**Brief:** Without the pictures, write out all the lines below exactly as they appear.
··· Records supplied
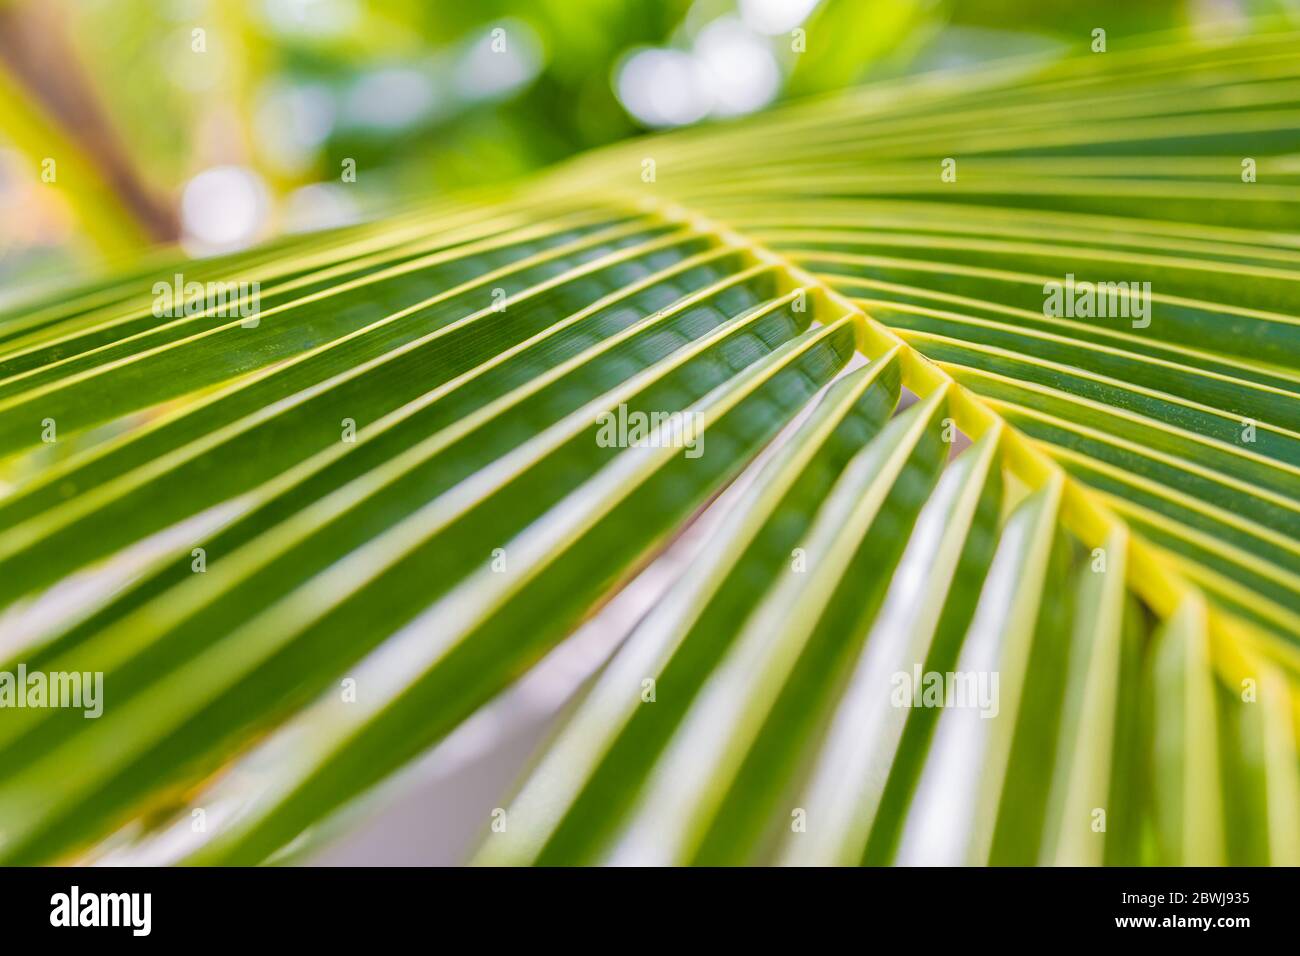 Drop of water on tropical banana palm leaf, dark green foliage, nature background. Exotic nature pattern Stock Photo
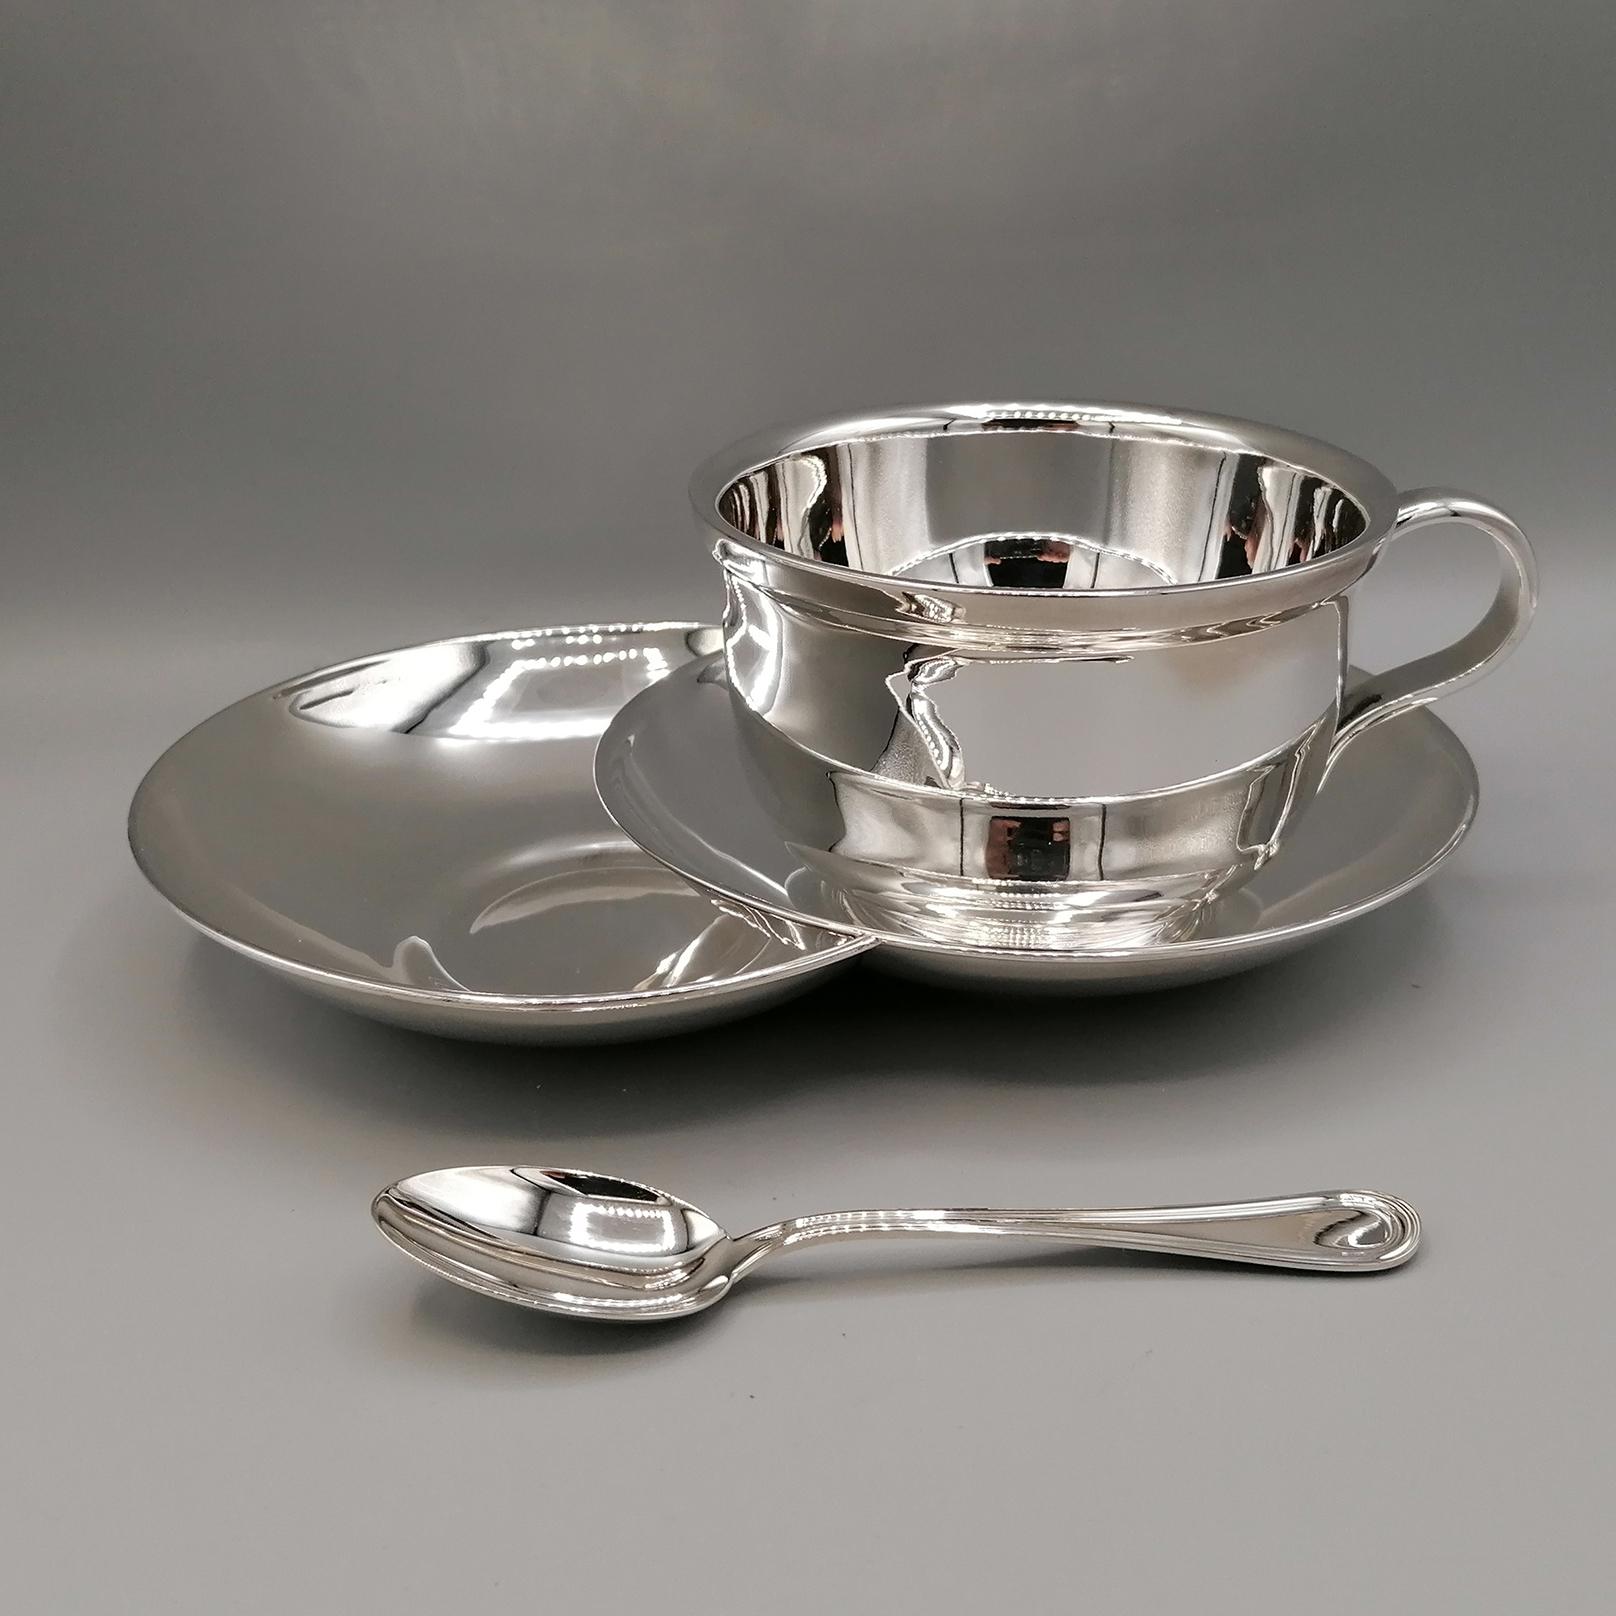 Breakfast cup in 800 solid silver with double saucer.
The cup was made from the double-chamber silver sheet, to make sure that the poured tea or coffee stays at temperature for a long time.
The cup body is completely smooth and shaped.
The handle,
······
**Completed task:**
 Drop of water on tropical banana palm leaf, dark green foliage, nature background. Exotic nature pattern Stock Photo
 Breakfast cup in 800 solid silver with double saucer.
The cup was made from the double-chamber silver sheet, to make sure that the poured tea or coffee stays at temperature for a long time.
The cup body is completely smooth and shaped.
The handle,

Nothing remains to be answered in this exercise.